◆ Directions:
Could every line of the listing be output exactly, with the pictures skipped?

◆ Source material:

====================

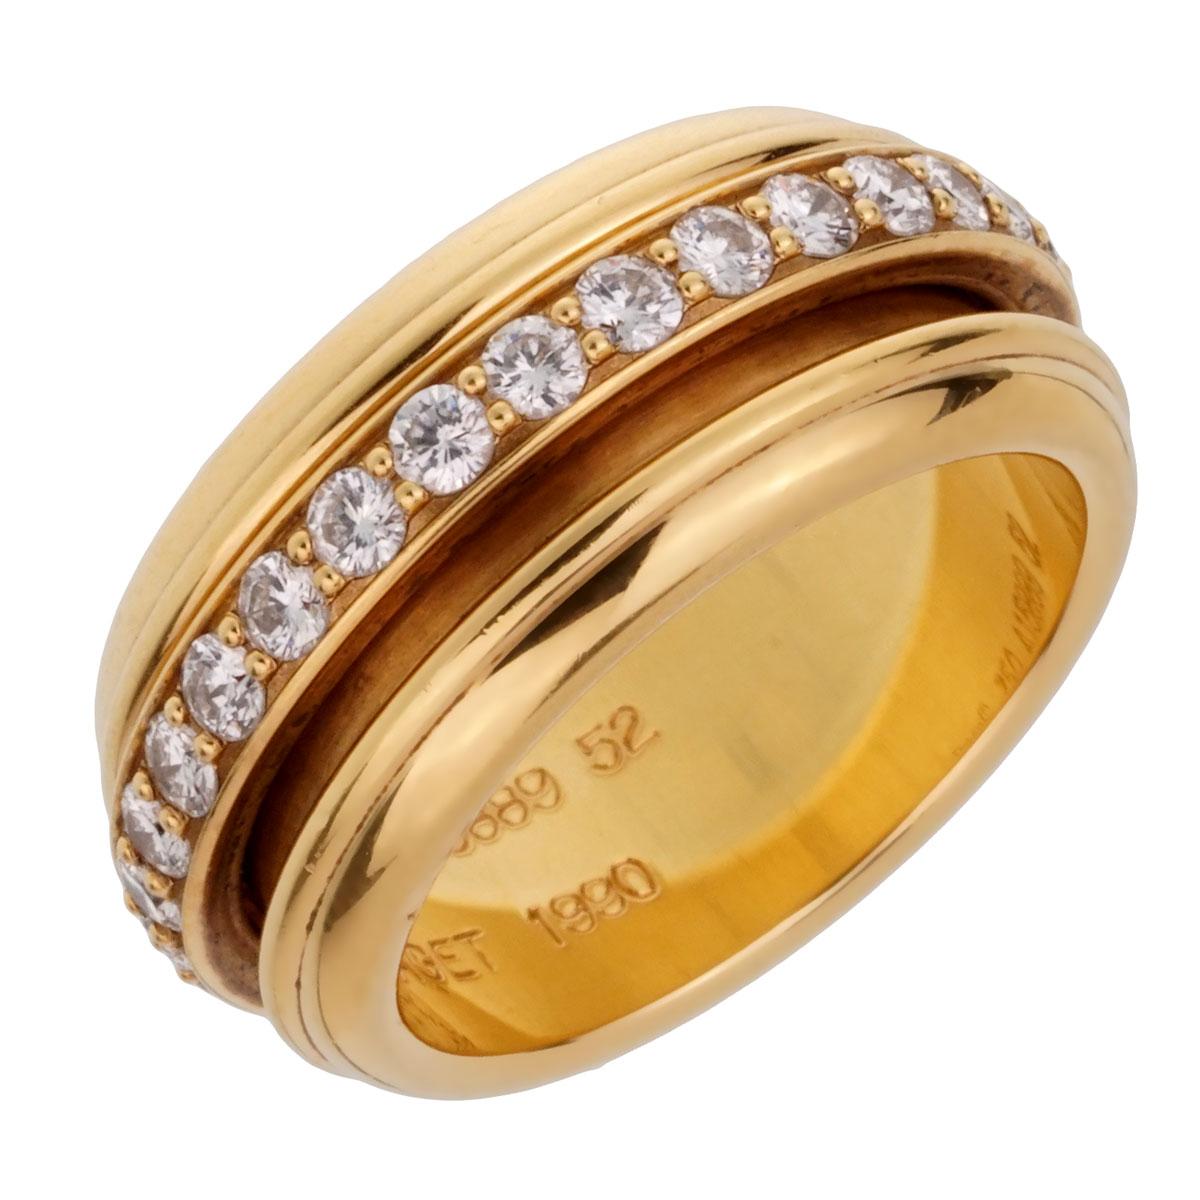 A fabulous vintage Piaget Possession diamond ring set with 1.50ct of the finest Piaget round brilliant cut diamonds in 18k yellow gold. The ring measures a size 6 1/4

Sku: 1906
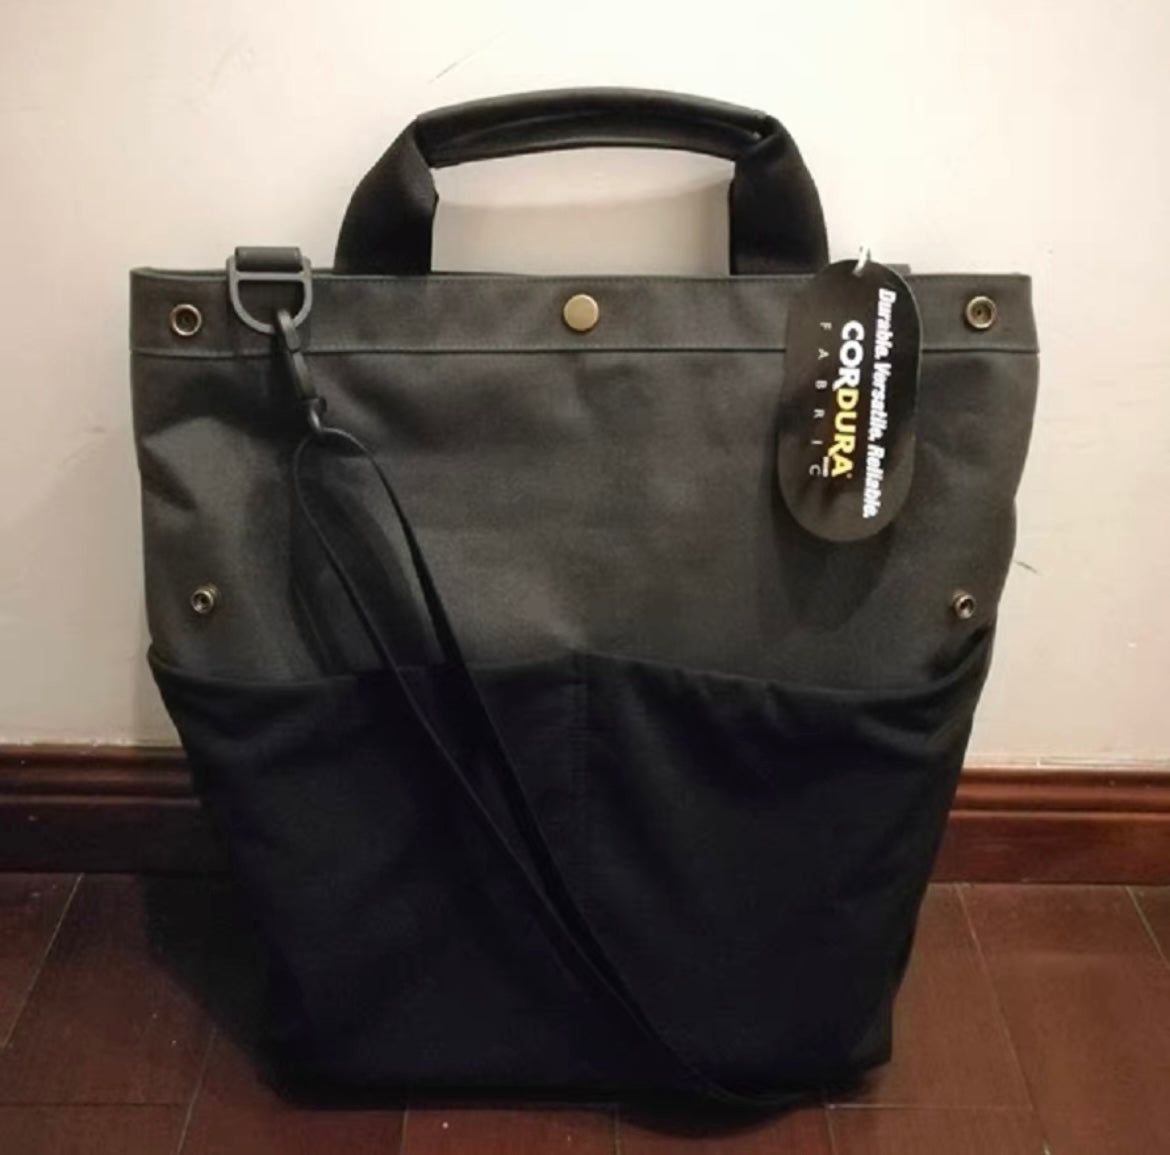 Bag from Cordura Front 9L Vintage Fabric (Black-Gray)
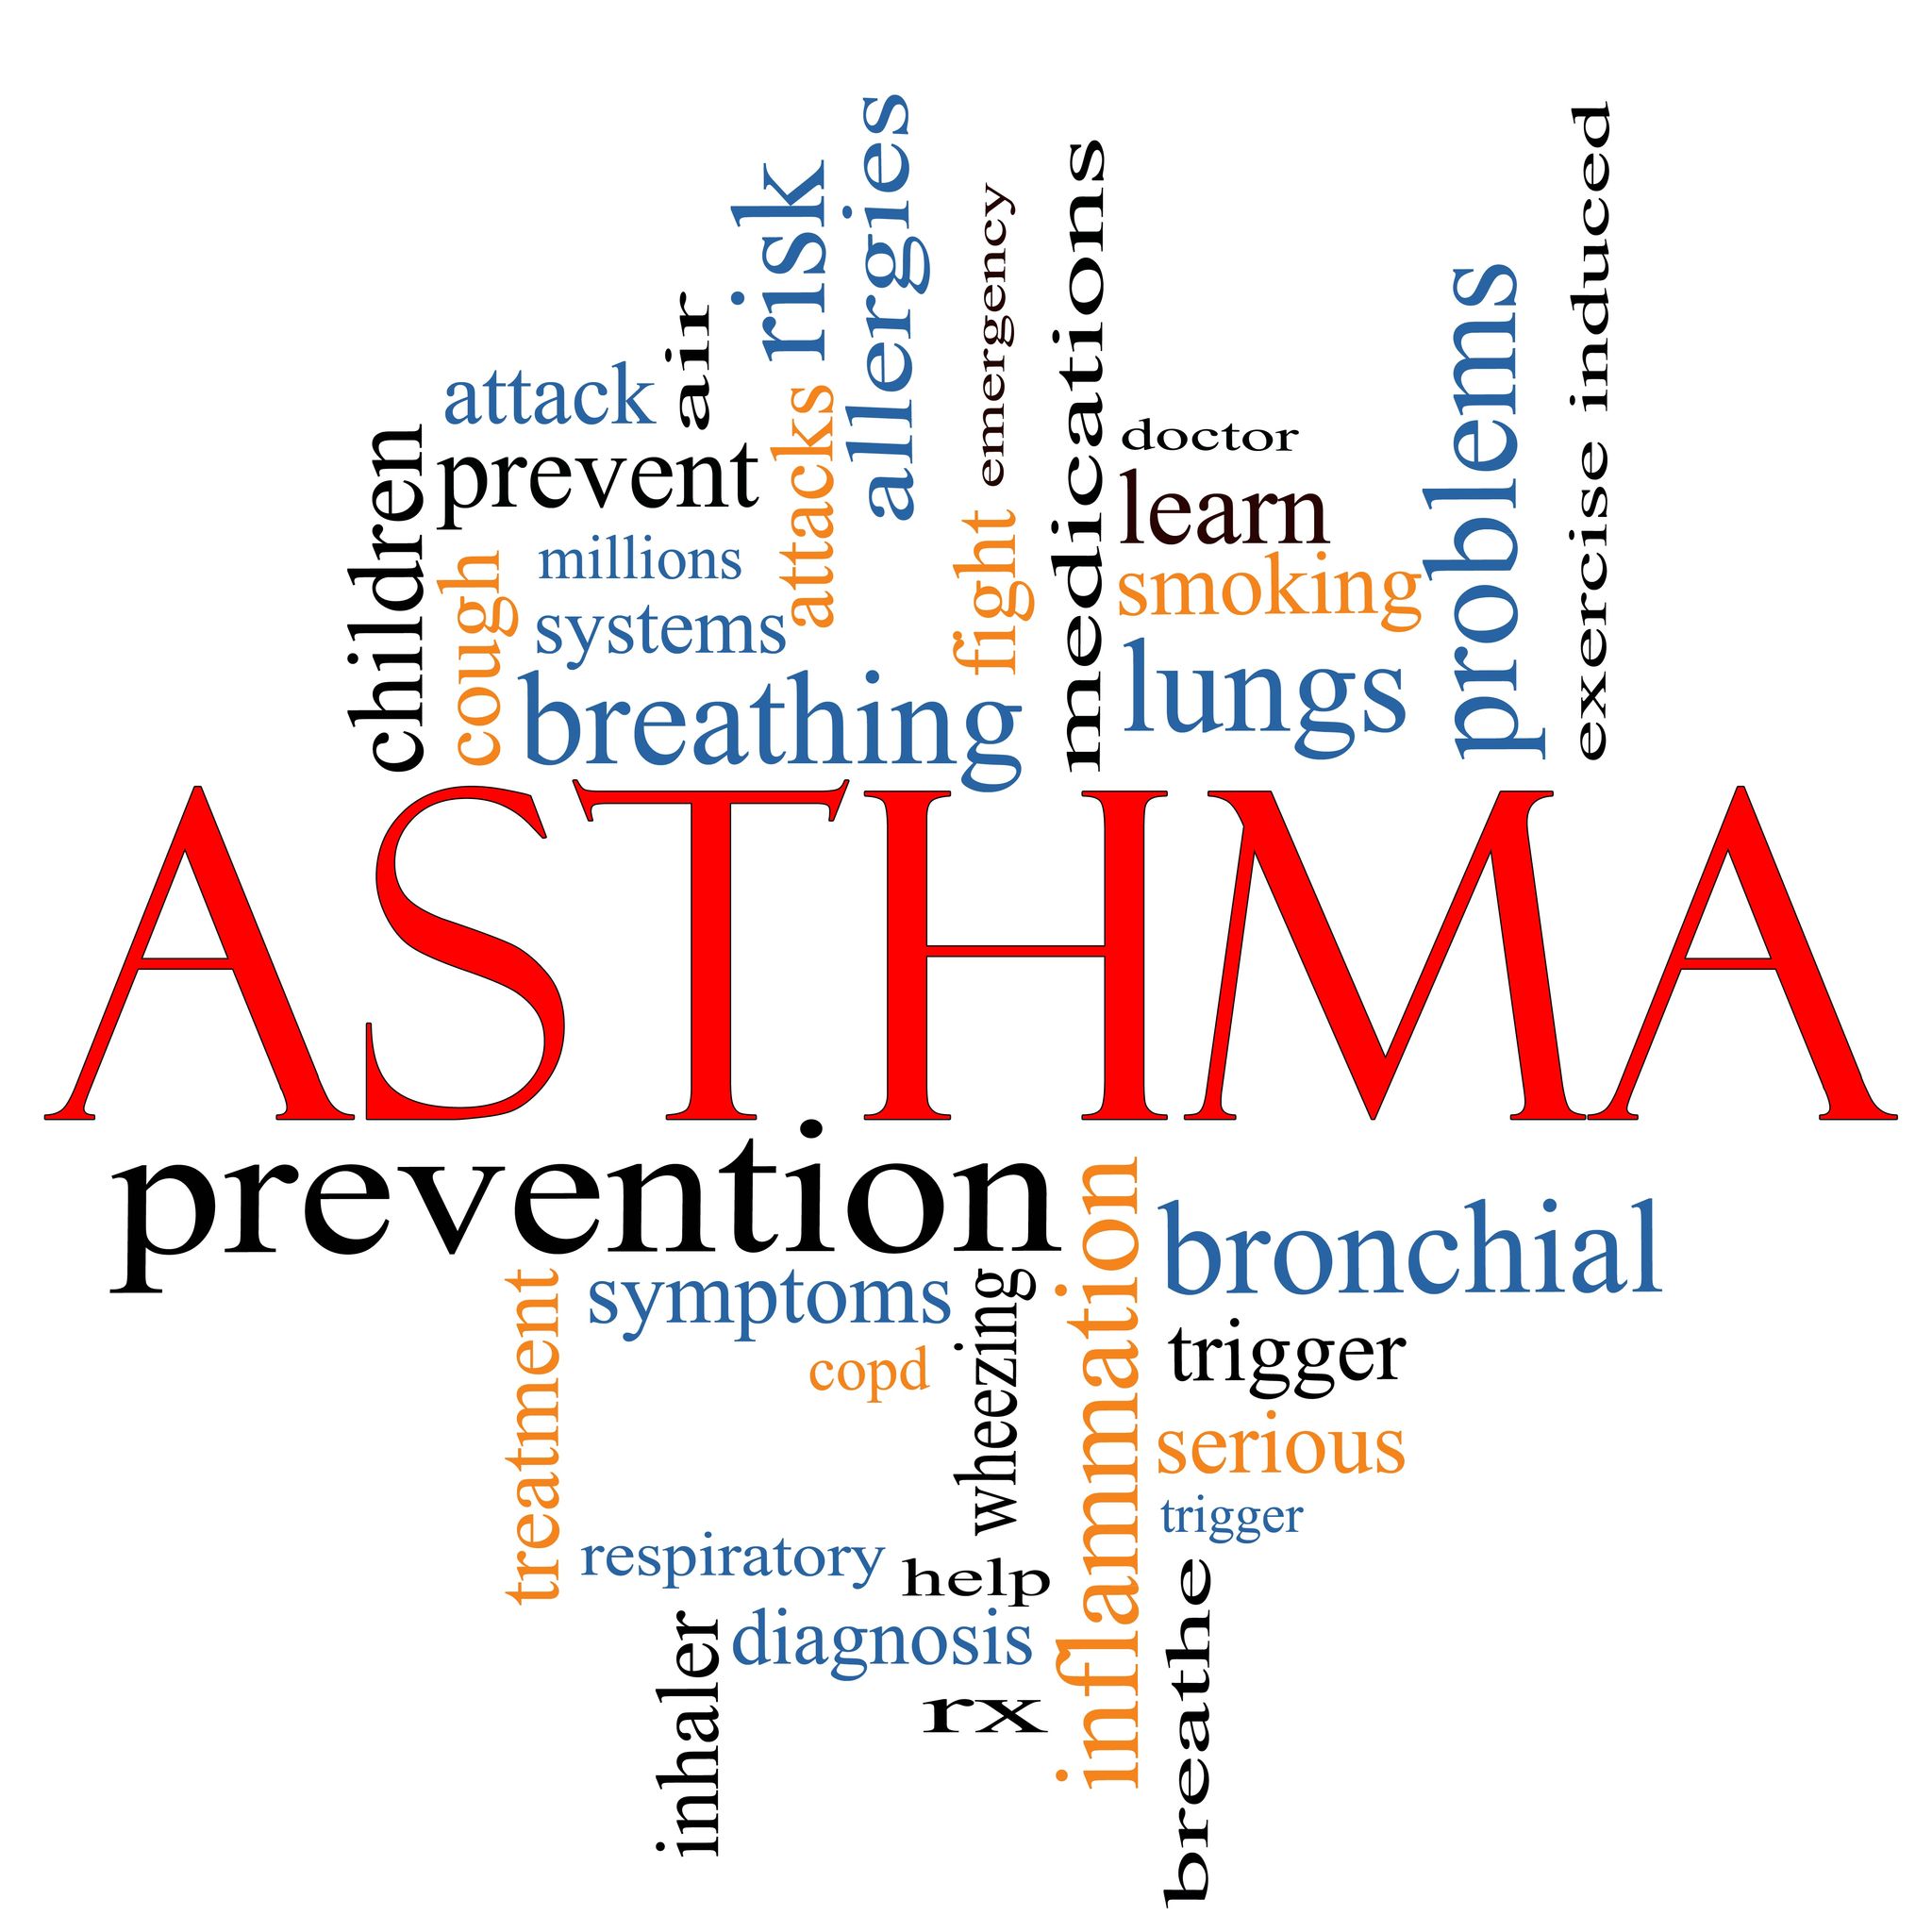 Easy-to-Learn Therapy May Help Asthmatics

====================

◆ Written answer:
 A fabulous vintage Piaget Possession diamond ring set with 1.50ct of the finest Piaget round brilliant cut diamonds in 18k yellow gold. The ring measures a size 6 1/4

Sku: 1906
 Bag from Cordura Front 9L Vintage Fabric (Black-Gray)
 Easy-to-Learn Therapy May Help Asthmatics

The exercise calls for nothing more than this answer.